本作は、2016年にモバイル版が配信され、2020年にはPC(Steam)版もリリース。現時点で、Steamのユーザーレビューにて「圧倒的に好評」ステータスを獲得するなど、非常に高く評価されている作品である。今回弊誌では、本作の魅力やNintendo Switchへの移植、さらに今後の計画などについて、開発元Midjiwanにお話をうかがった。
まずは『ポリトピア』のゲーム概要を紹介しておこう。本作は、かわいいローポリゴングラフィックを採用するターン制戦略ゲーム。舞台となるのは、ポリトピアンと呼ばれる人々が暮らす平らな世界だ。プレイヤーは12種類(DLC除く)ある部族から選択してプレイする。各部族は初期習得している技術が異なり、たとえばシン=シは山のタイル上を進むことができ、バルデューは野生の獣を狩ることが可能。また、部族ごとにユニットの見た目はもちろん、ランダム生成されるマップの環境表現もガラッと変化する。

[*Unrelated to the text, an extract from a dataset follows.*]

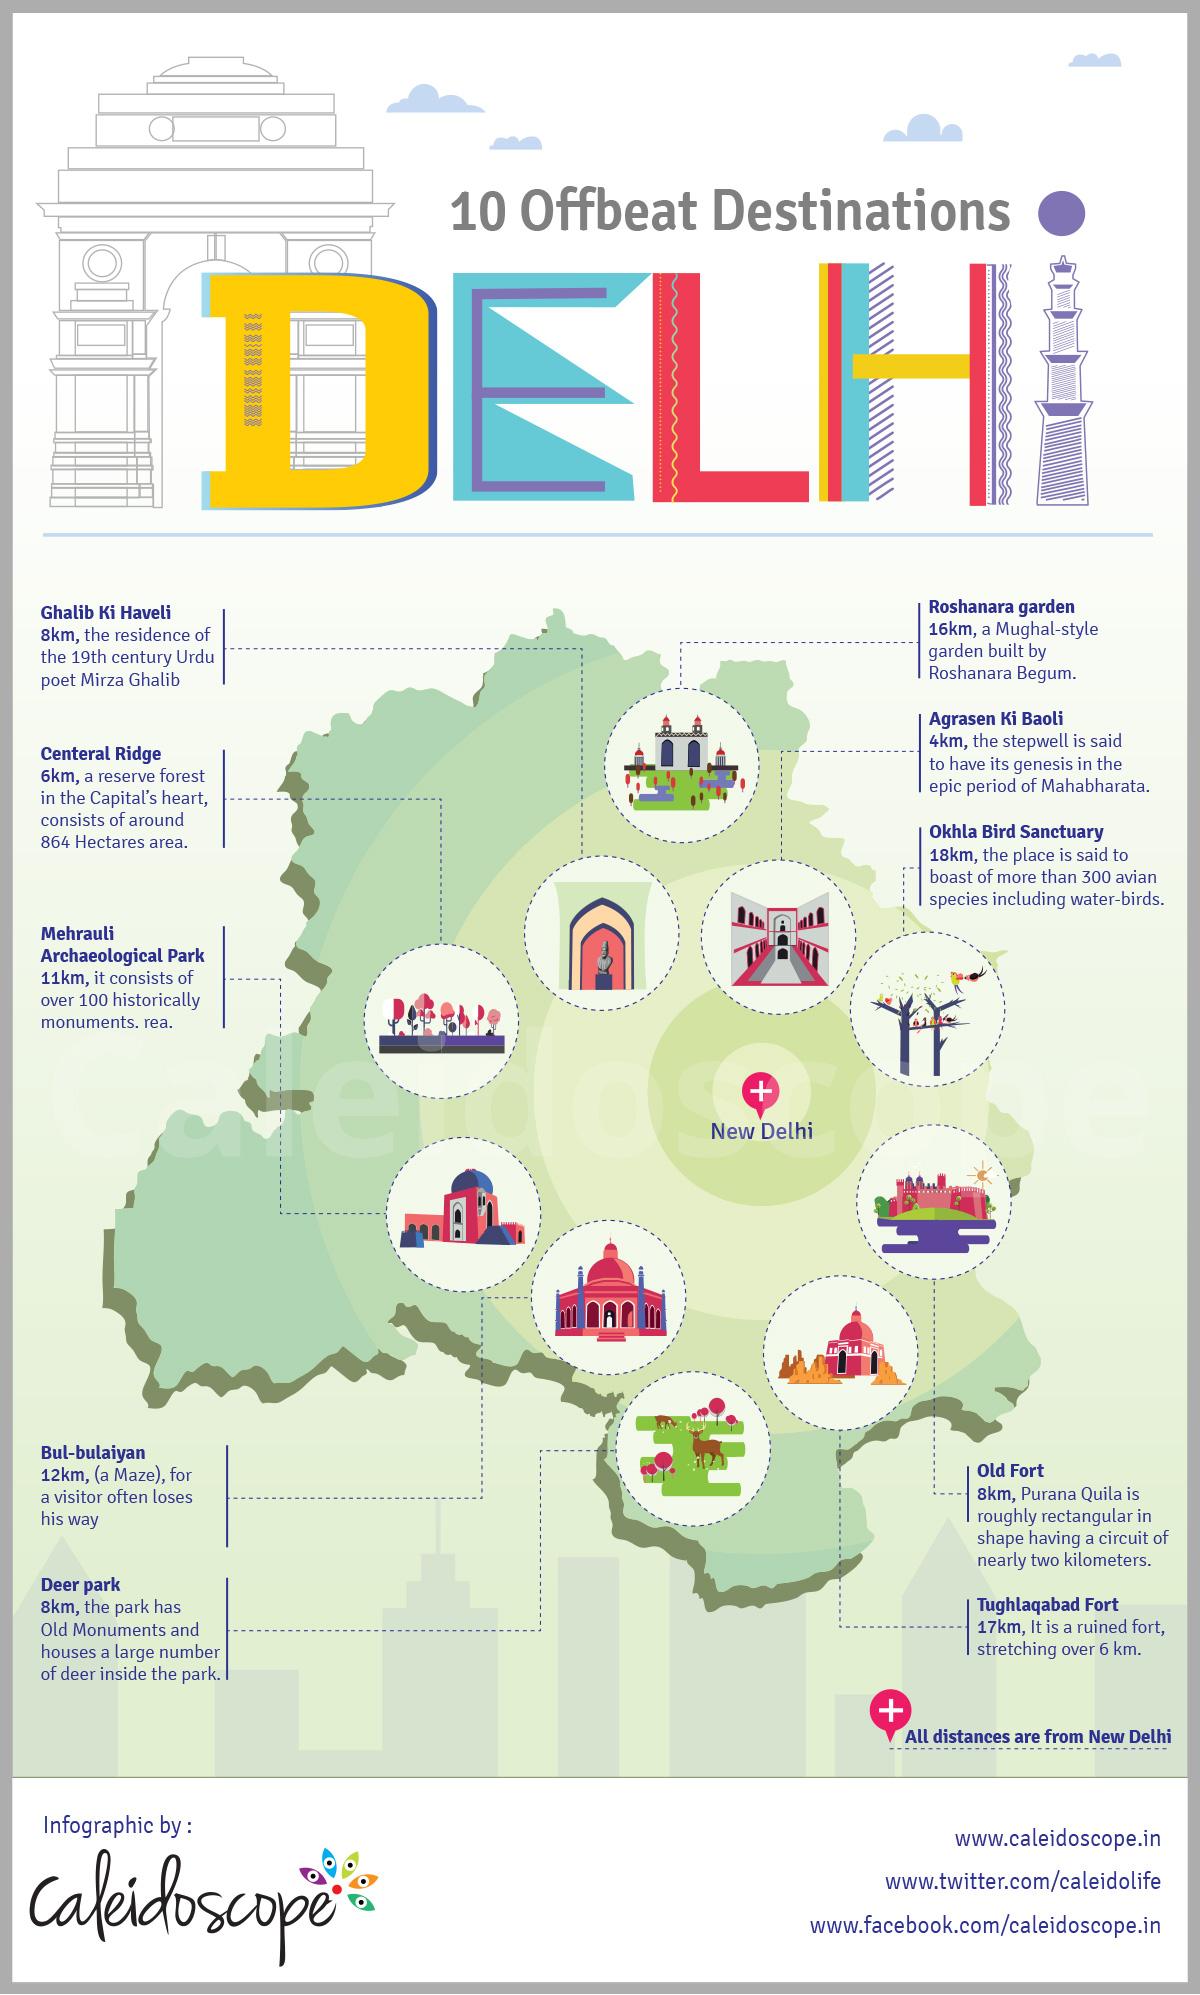 Offbeat-Destinations-in-Delhi

本作は、いわゆる4Xゲームである。プレイヤーは、拠点で生産したユニットを送り出してマップを探索。ほかの部族と戦い、新たな技術を開発しながら、領地を拡大させていく。技術は、自陣の人口に応じてターン毎に獲得できるスターを消費することで開発可能。たとえば能力の異なるユニットをアンロックし、またスターを消費して生産するのだ。そうして自らの勢力を強化し、敵部族の侵略に対抗しながら、領地を拡大させていくこととなる。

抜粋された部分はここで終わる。